Но мне не раз доводилось слышать, как она произносила:
— Уж коль впустили, то нужно дать хотя б какой-то угол! И у дворовой собаки есть
конура. Лучше б не впускали, если так...
Странно, но там, в кабинете столь влиятельного и прославленного в те годы
писателя, автора романа На Востоке, в котором поет осанну Сталину,— она не
доказывает своего права на жилплощадь в Москве, на какие-то жалкие метры, чтобы
было где поставить стол и две койки, чтобы была крыша над головой!
Что ей мешает? Гордость и робость — родные сестры... Это?! Или ее пленяет,
завораживает галантное обращение Павленко?
Но спустя день или два она будет доказывать это свое бесправное право на Москву
Меркурьевой, старой, беспомощной, которая уже и вовсе ничем помочь не может!
Когда-то она писала стихи, теперь подрабатывает переводами и проводит лето на
травке
в селе Черкизово.
Приведу сначала письмо самой Меркурьевой, на которое отвечает Марина Ивановна:
Ст. Пески-Коломенские Ленинск, жел. дор. село Черкизово, погост Старки д.
Корнеевой. 24.VIII.40
Марина Ивановна, дорогая, посылаю с надежным человеком Вашу — невольно
задержанную — книгу.
Какой я Вас в ней увидела. Вы доталкиваетесь, добираетесь, с усилиями, сквозь
толщу препятствий, загородок — к чему-то очень своему, близкому, глубокому,
далекому. Вы не верите, что не пускают — и стучитесь, доверчиво и безнадежно в
то же время.

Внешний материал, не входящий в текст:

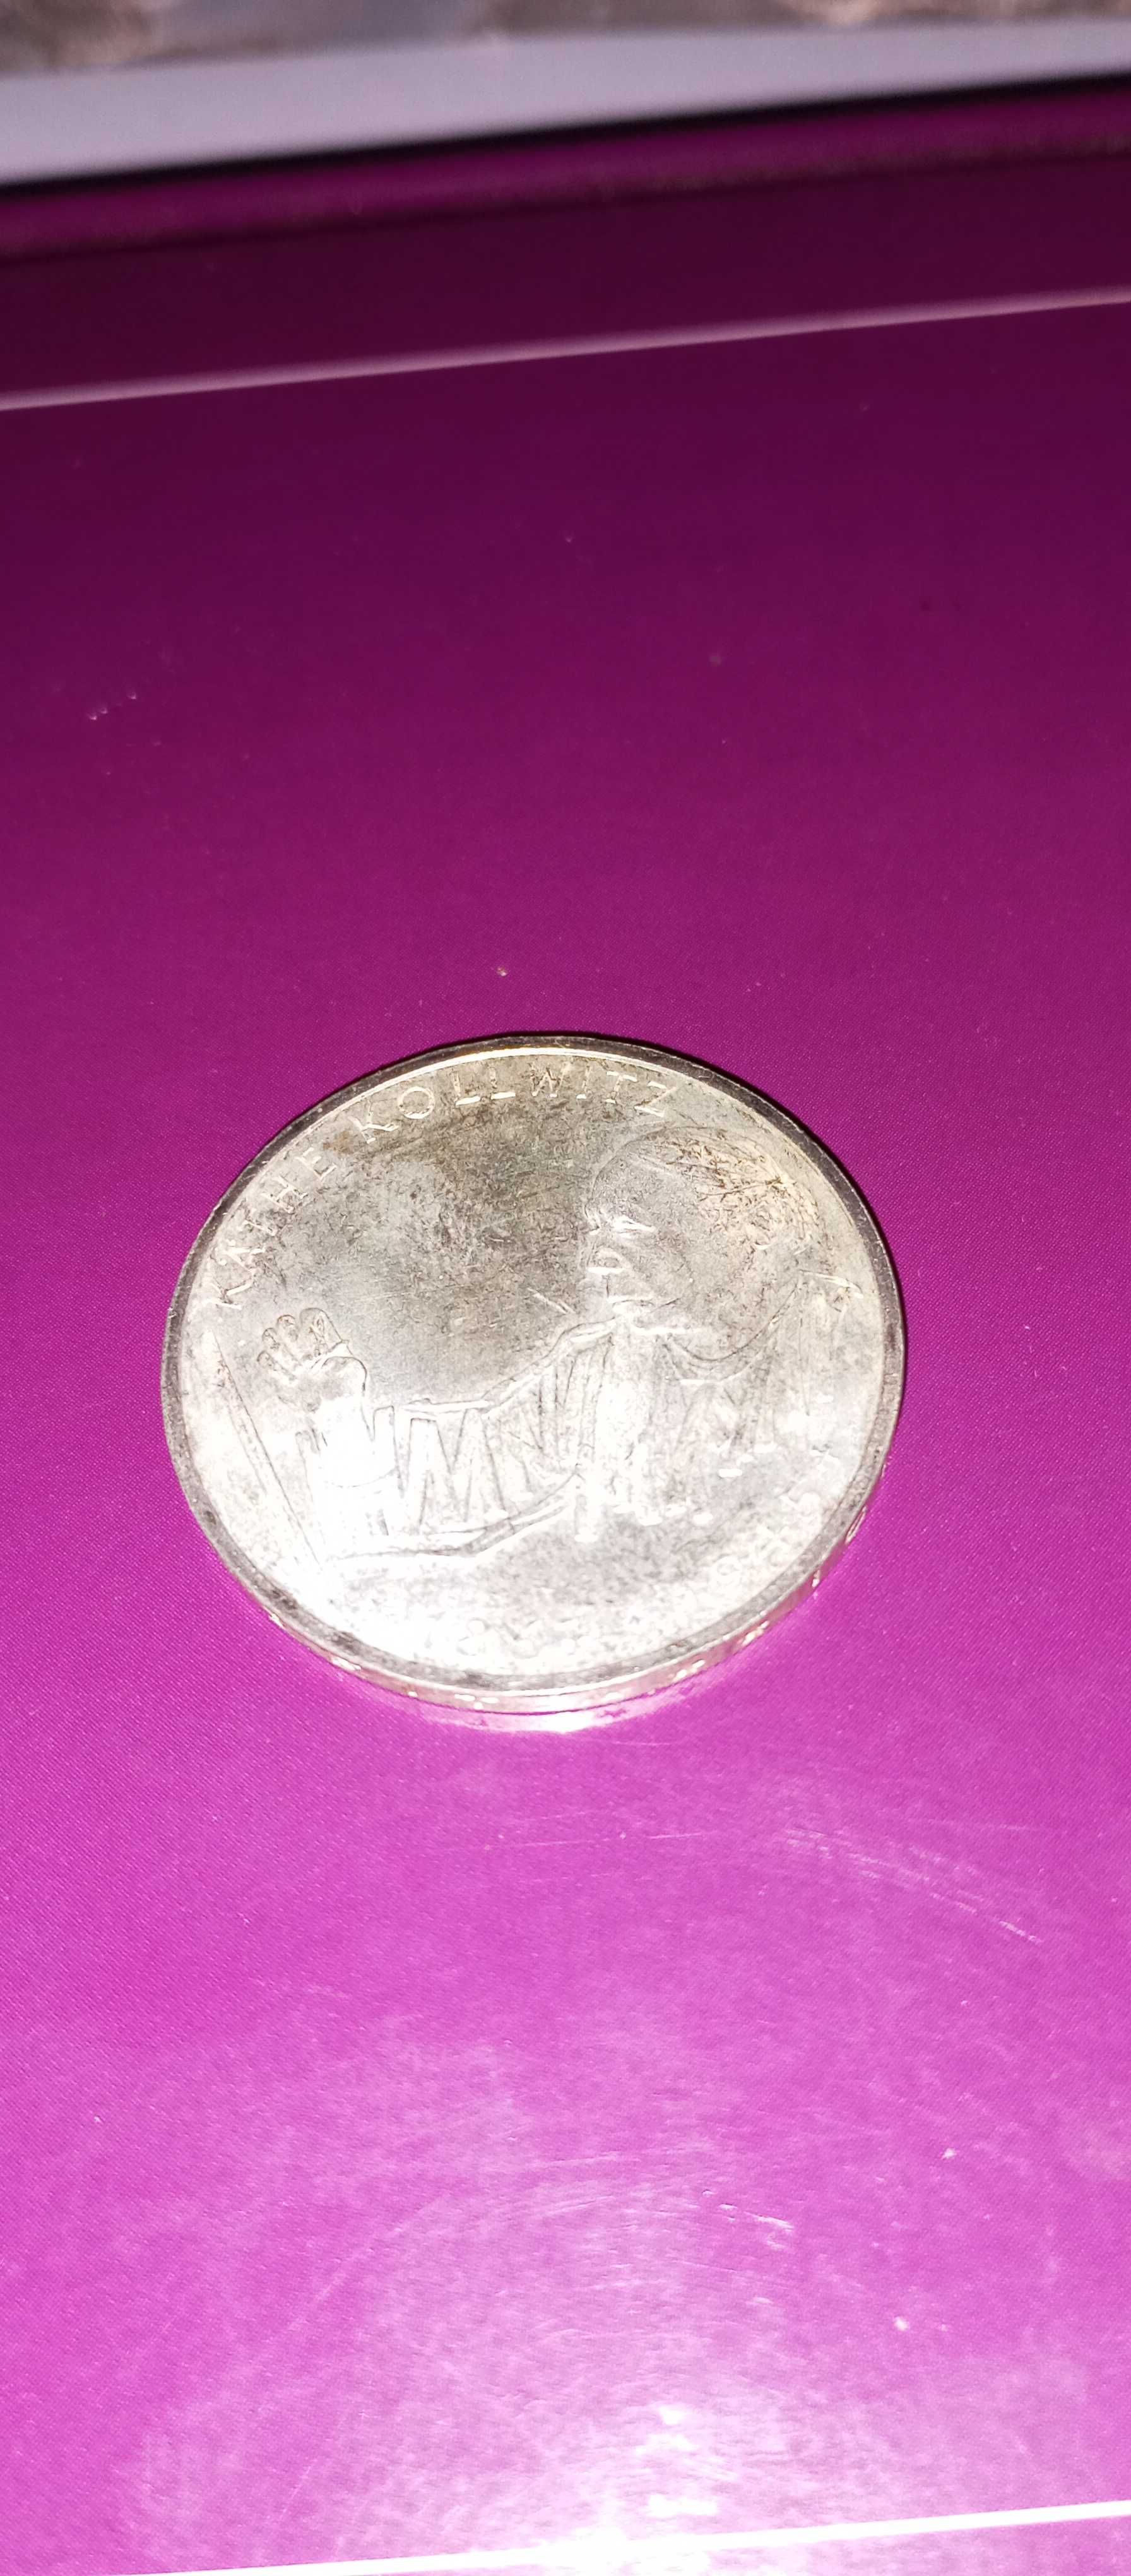 Srebrna moneta 10 marek 1992

Трудно писать о таком, говорить

легче, хотя нелегко тоже. Вы — одна из труднейших, потому что пытаетесь тронуть
что-то не только за поверхностью, но и до, что-то первичное, до сознания. Жаль,
не приехали Вы сюда, здесь можно лежать — на припеке, а то в тени — и урывками
сказать настоящее слово. А теперь уже поздно, да?

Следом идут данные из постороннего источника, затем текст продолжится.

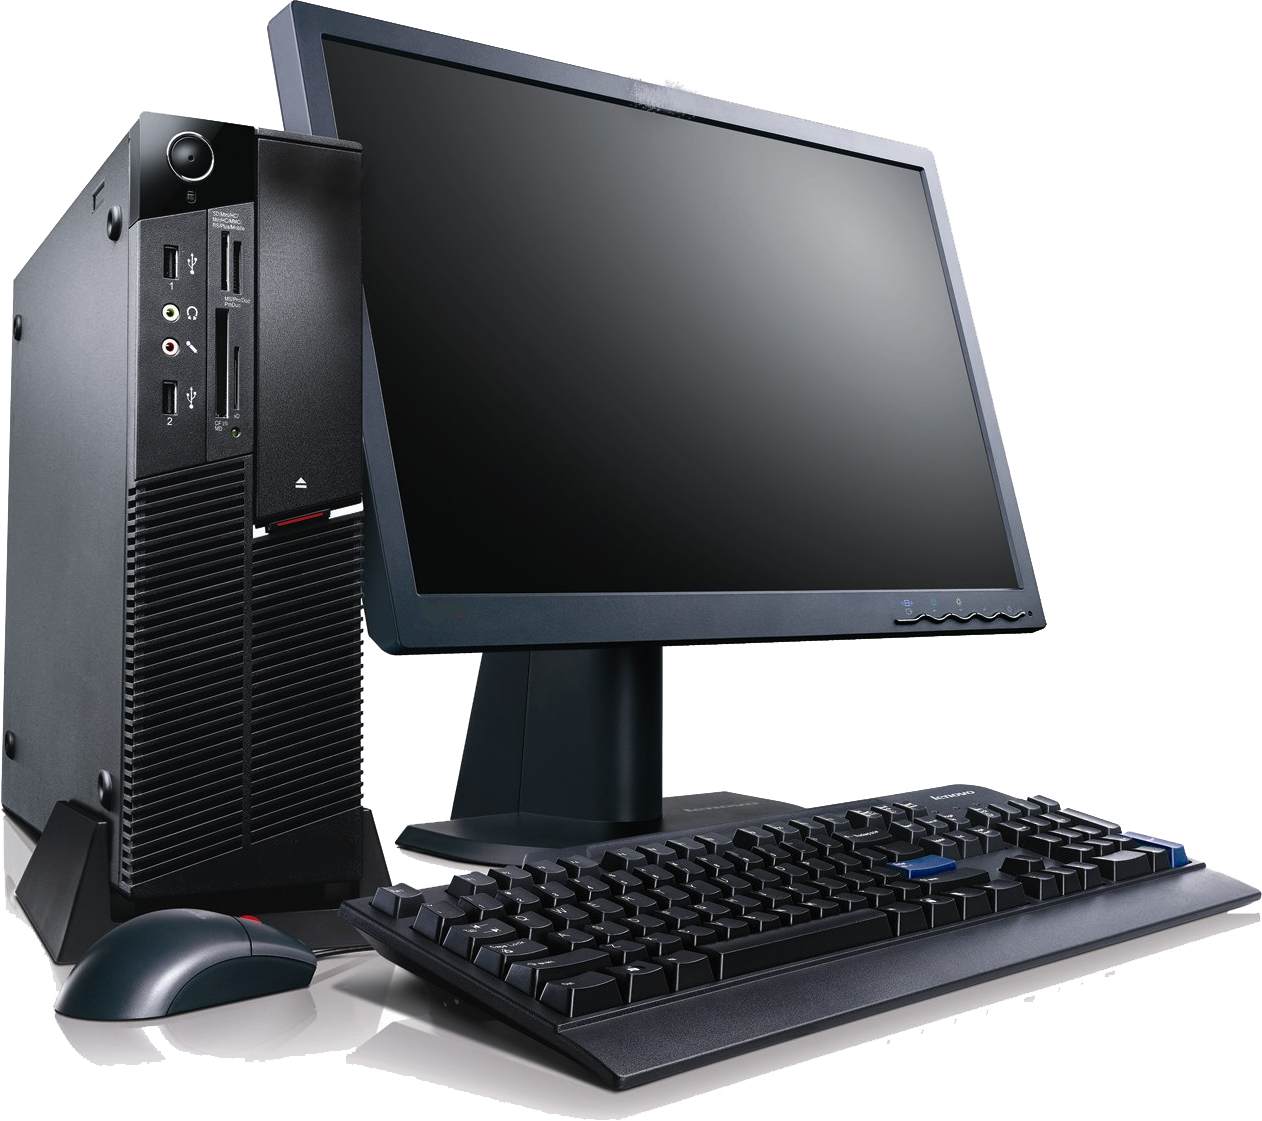 Lenovo Desktop Computer PNG Image

Как у Вас с квартирой? Вещи пришли — хорошо, но не вовремя,— куда их уставлять!
Все-таки Вы где-то помещаетесь, не теряйтесь же, сообщите мне адрес. Пока
направляю к Вам с'этим по старому адресу соб. приятельницу — Нину Павловну
Збруеву, хорошую женщину, мож. быть, она Вам сможет в чем-нибудь помочь. В ее
добром желании можно не сомневаться.
Мы здесь живем на травке, я почти не двигаюсь, Инна Григорьевна мало, она все
прибаливает. Но здесь, на чистом воздухе и в тишине, болезни легче выносятся,
дурные настроения тоже; они как-то растворяются в окружении мирной природы и
домашних зверей. Останемся здесь — я до конца сентября, если позволит осень,
Кочетковы — дольше, до холодов, иногда до снега. По приезде увидимся — надеюсь,
немедленно. Инна Григ, шлет Вам и Муру, неотделимому от Вас, привет. Александр
Серг. еще в Кисловодске, ждем его в начале сентября. Я рада, что Вы их узнали —
рада за них.
До свидания, Марина — чудесное имя.
Ваша Вера Мерк. Москва, 31-го августа 1940 г. Дорогая Вера Александровна,
Книжка и письмо дошли, но меня к сожалению не было дома, так что я Вашей
приятельницы не видела. Жаль. Для меня нет чужих: я с каждым — с конца, как во
сне, где нет времени на предварительность.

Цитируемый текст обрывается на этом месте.